| Data extracts |
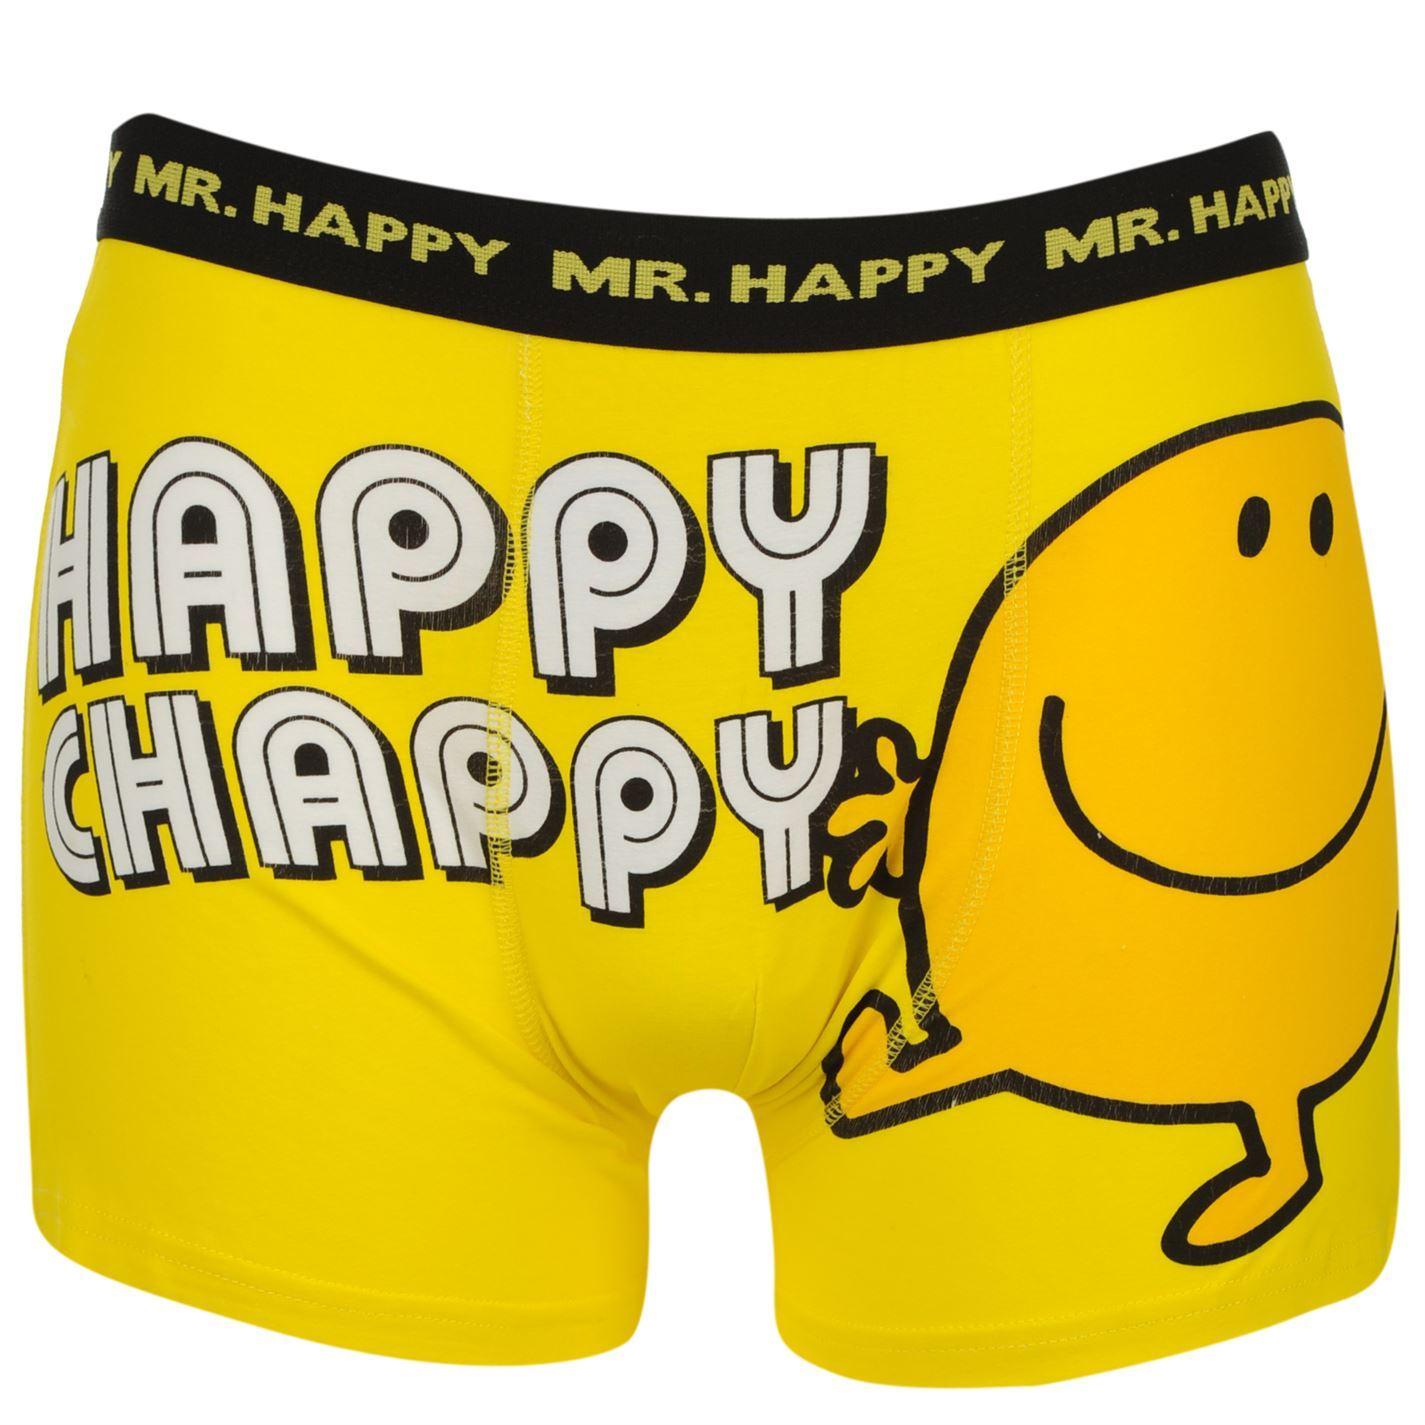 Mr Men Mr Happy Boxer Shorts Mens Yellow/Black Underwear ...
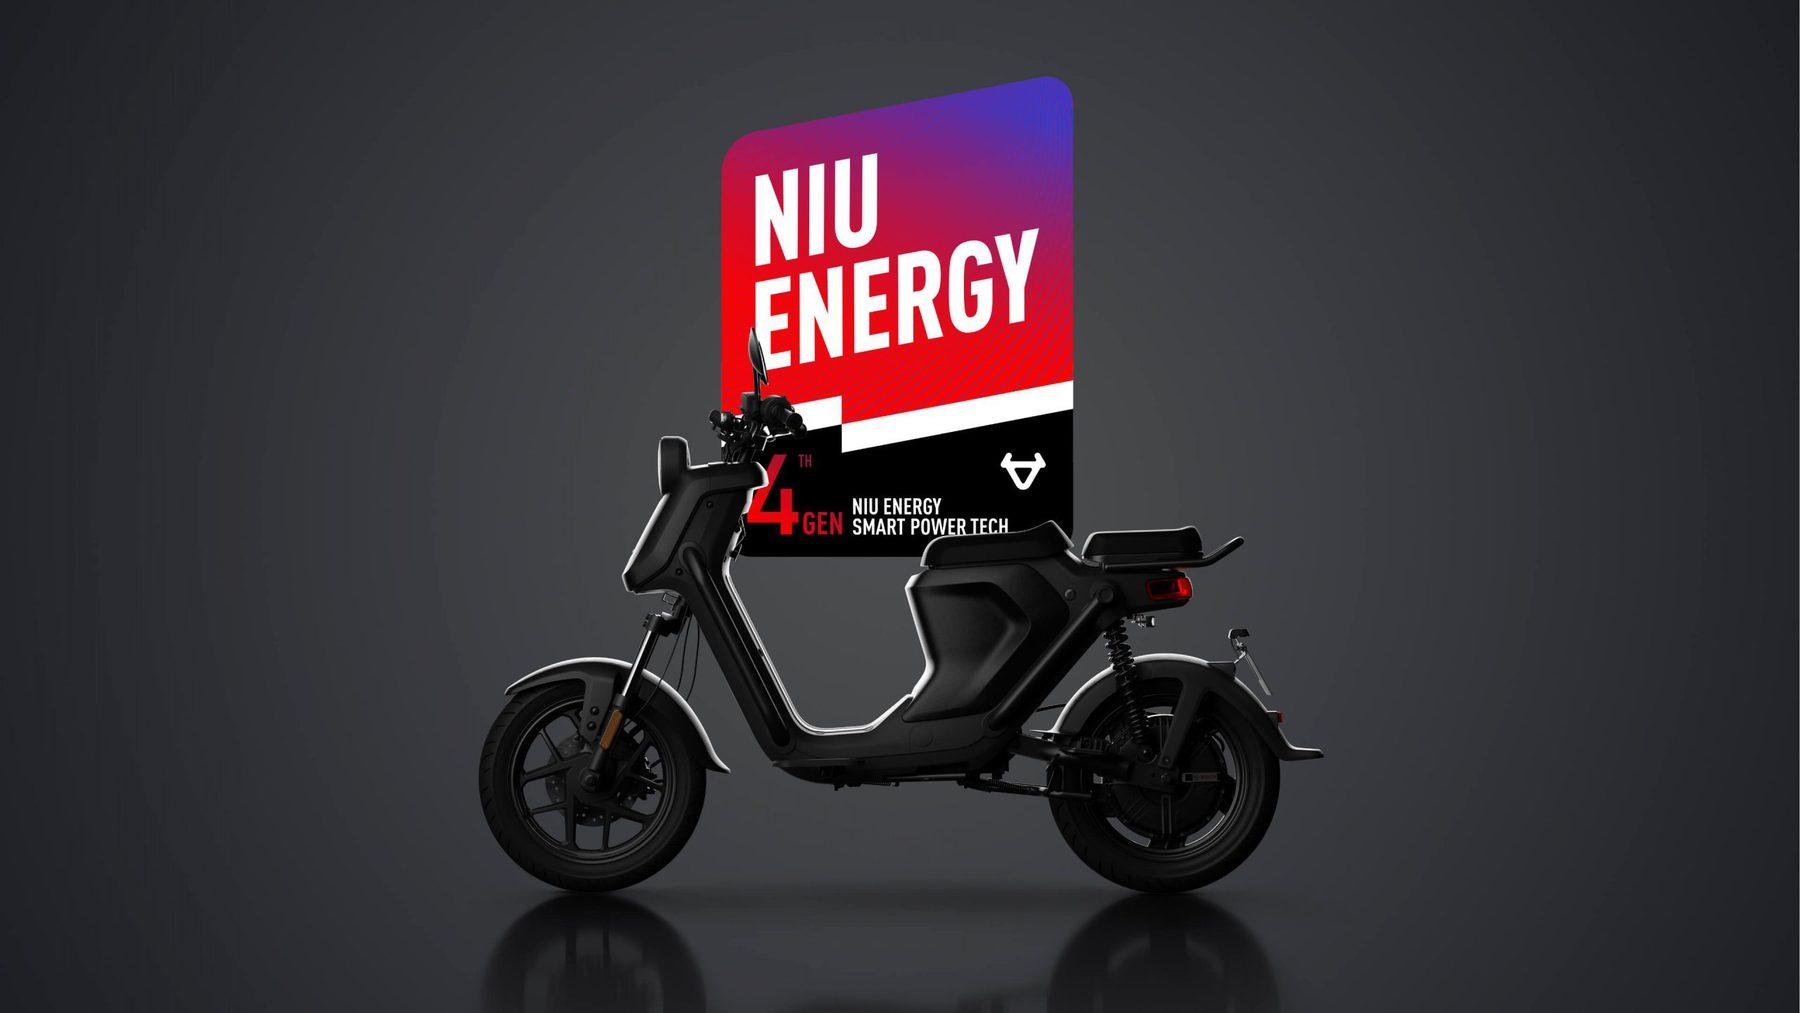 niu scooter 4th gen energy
---
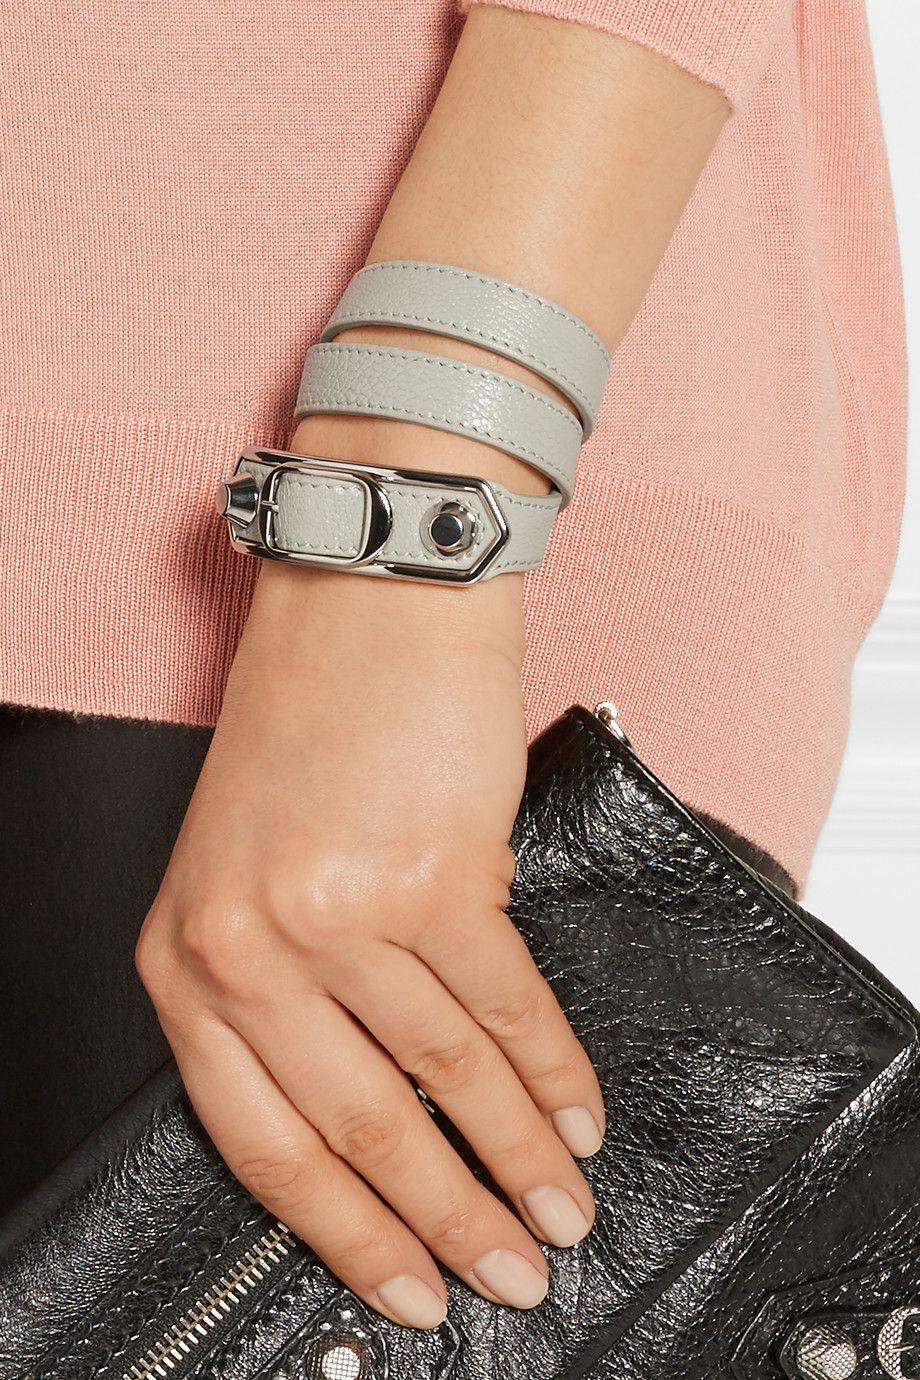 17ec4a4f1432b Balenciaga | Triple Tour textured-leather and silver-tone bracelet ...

| Task objective |
When you reach the line with "Mr Men Mr Happy" in the records above, begin repeating the lines exactly, and stop after the line with "niu scooter 4th gen energy". Skip all pictures.

| Output for this exercise |
 Mr Men Mr Happy Boxer Shorts Mens Yellow/Black Underwear ...
 niu scooter 4th gen energy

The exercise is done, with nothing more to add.